Recorded data ->
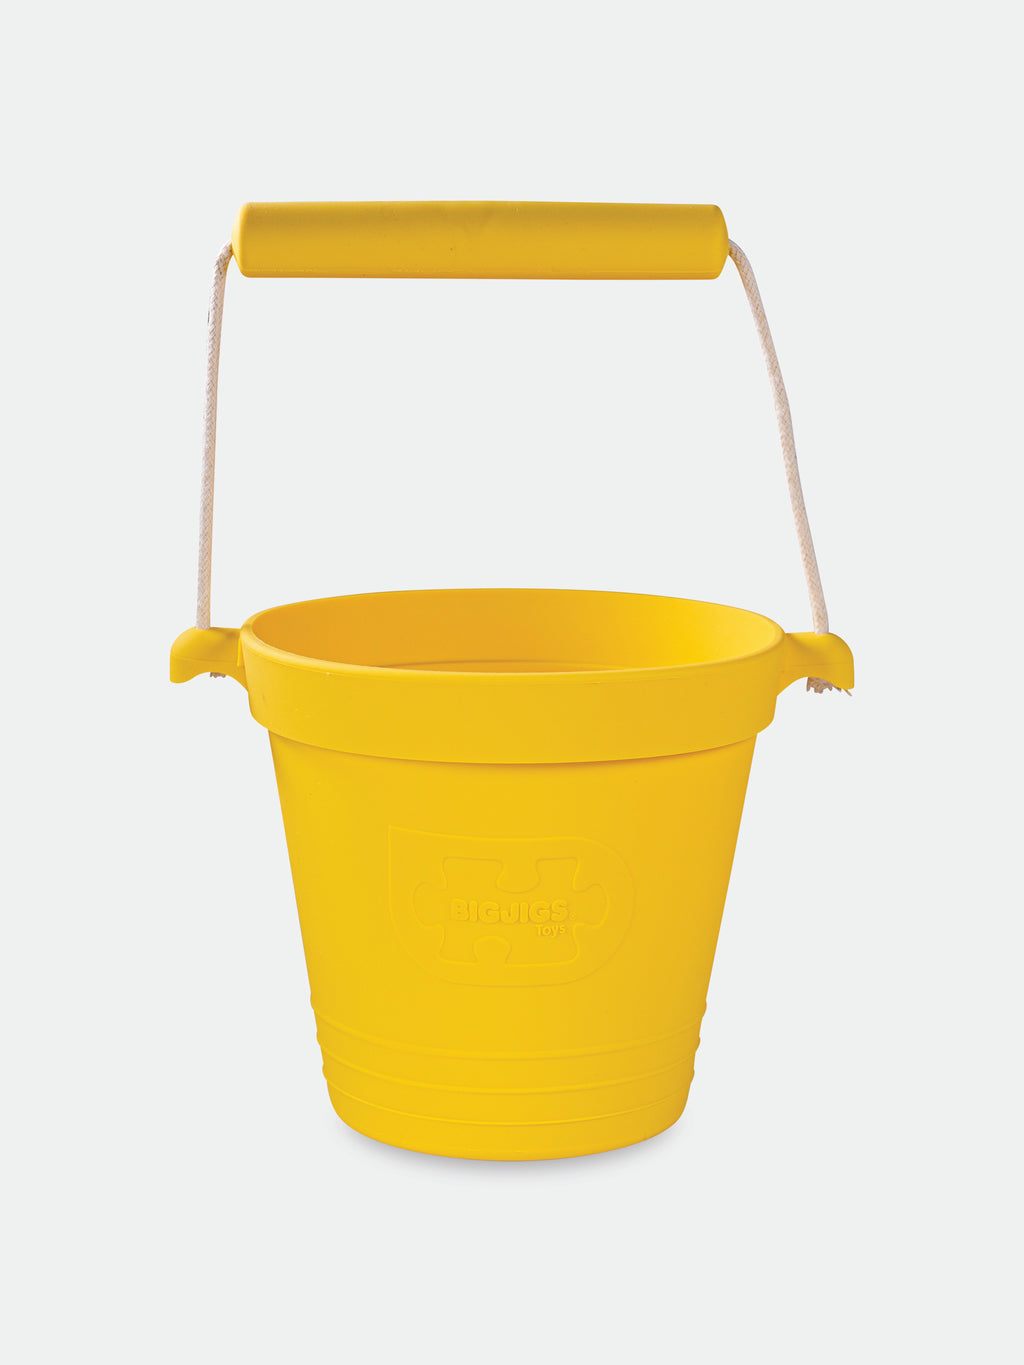 Yellow bucket for kids
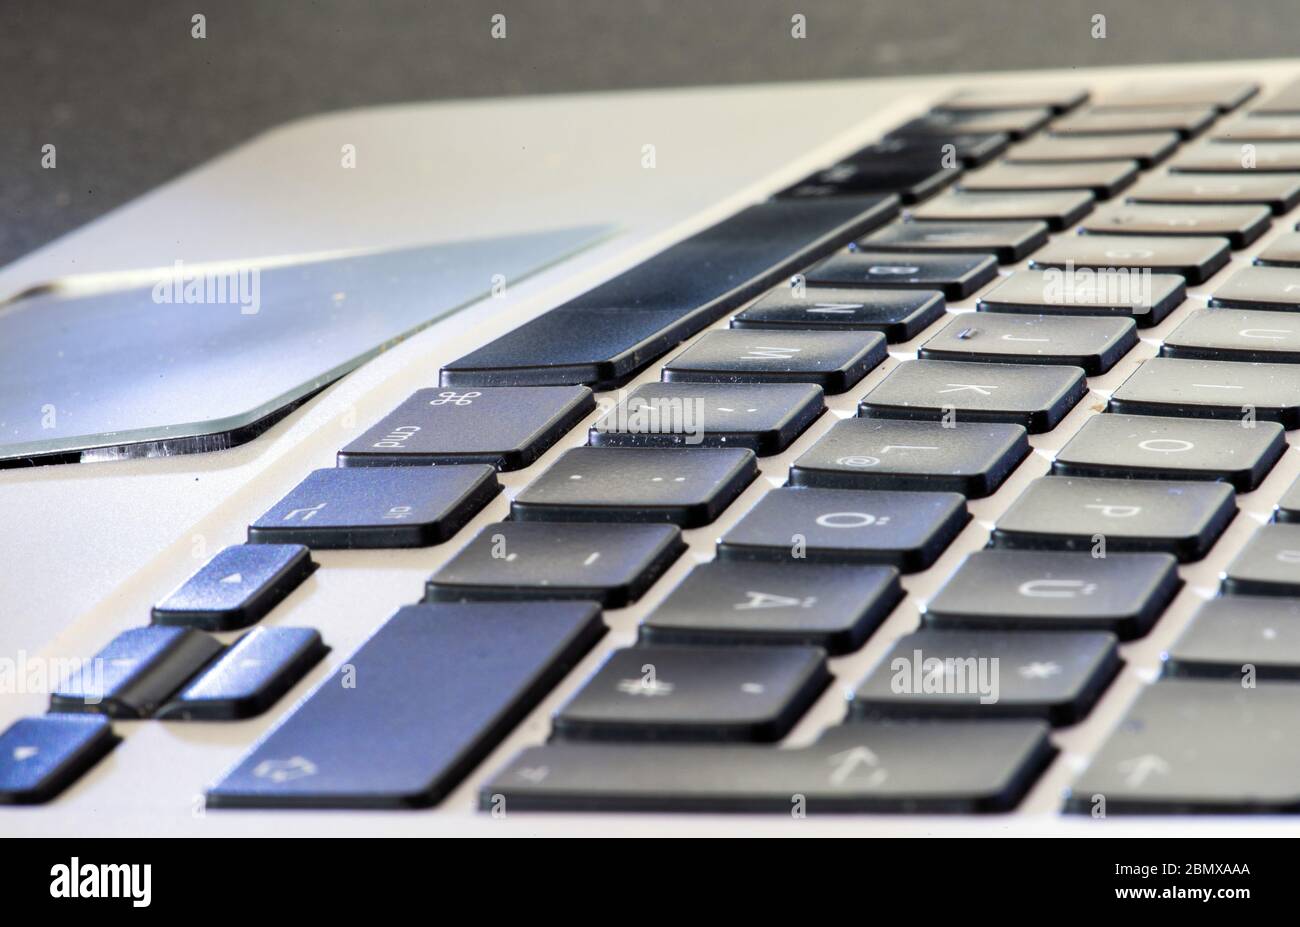 26 de abril de 2020, Berlín: Un MacBook Air (año de fabricación 2011) con  una pantalla de 11 pulgadas se encuentra sobre una mesa. La batería inflada  ha separado el panel táctil
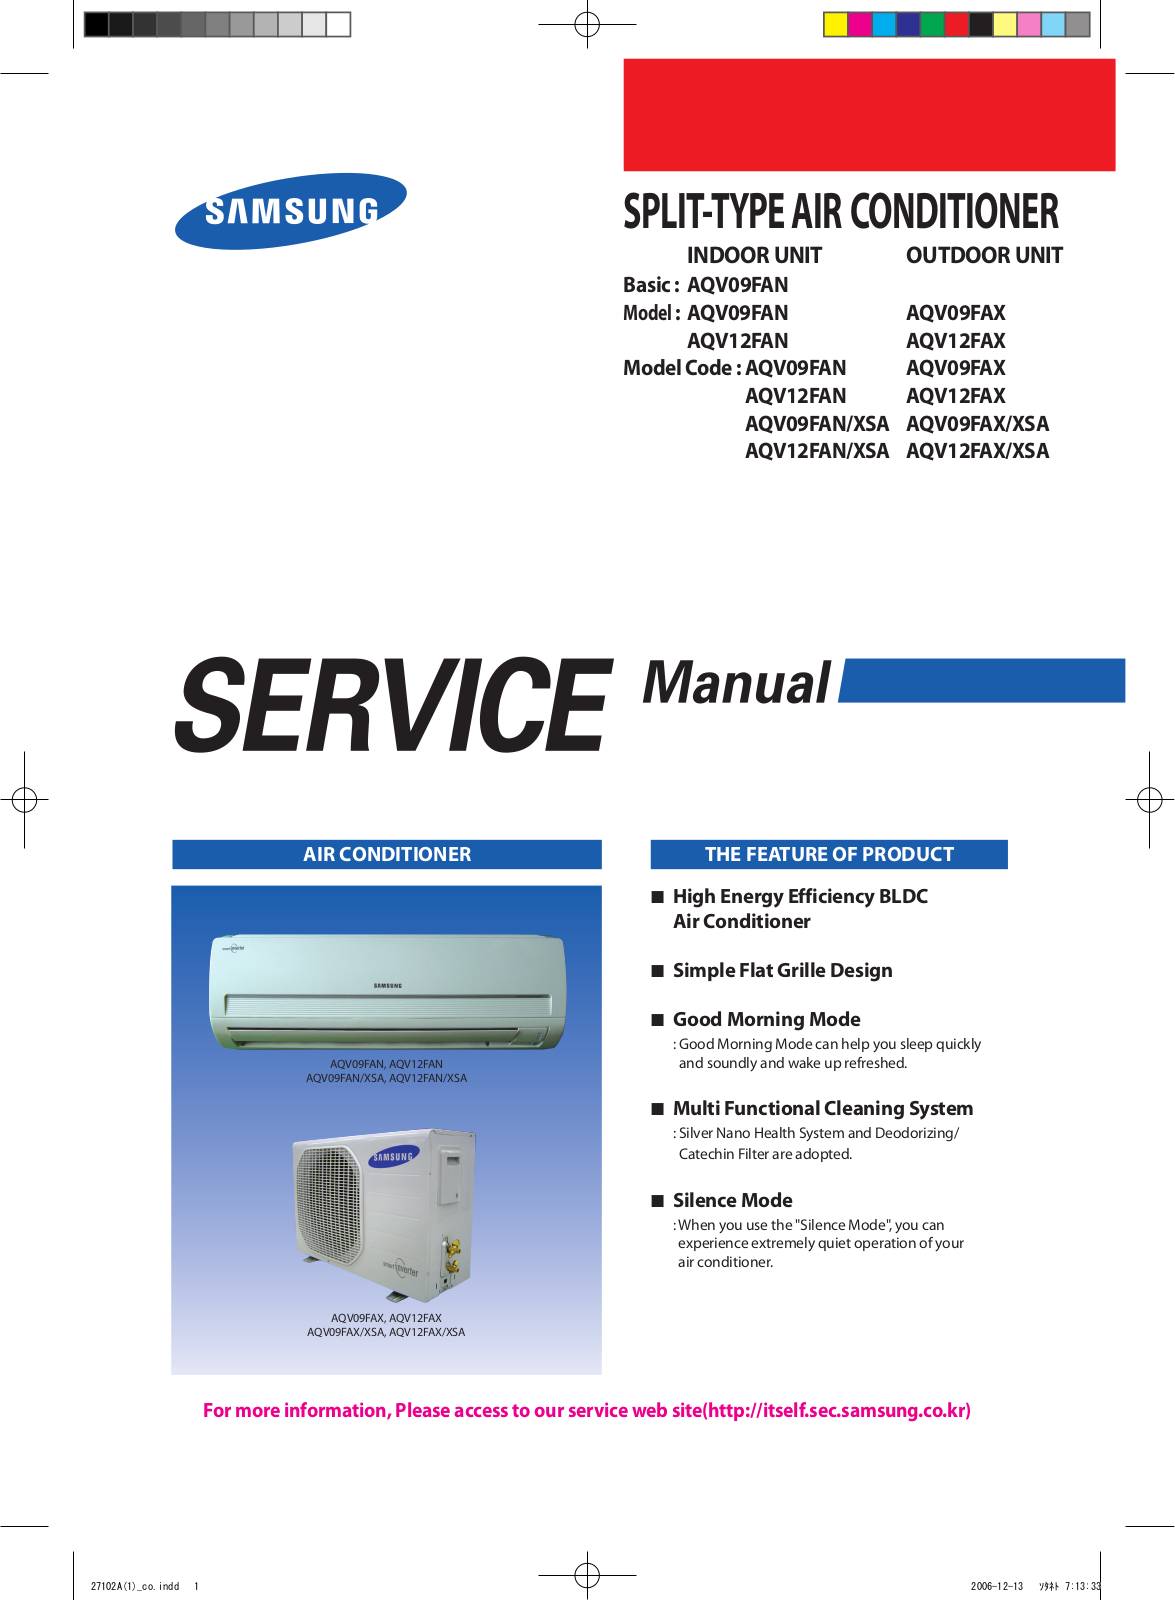 Samsung AQV09FAN, AQV09FAX, AQV12FAN, AQV12FAX Service Manual

Directions -> Omit the pictures. Repeat the rest of the data exactly.

Answer section ->
 Yellow bucket for kids
 26 de abril de 2020, Berlín: Un MacBook Air (año de fabricación 2011) con  una pantalla de 11 pulgadas se encuentra sobre una mesa. La batería inflada  ha separado el panel táctil
 Samsung AQV09FAN, AQV09FAX, AQV12FAN, AQV12FAX Service Manual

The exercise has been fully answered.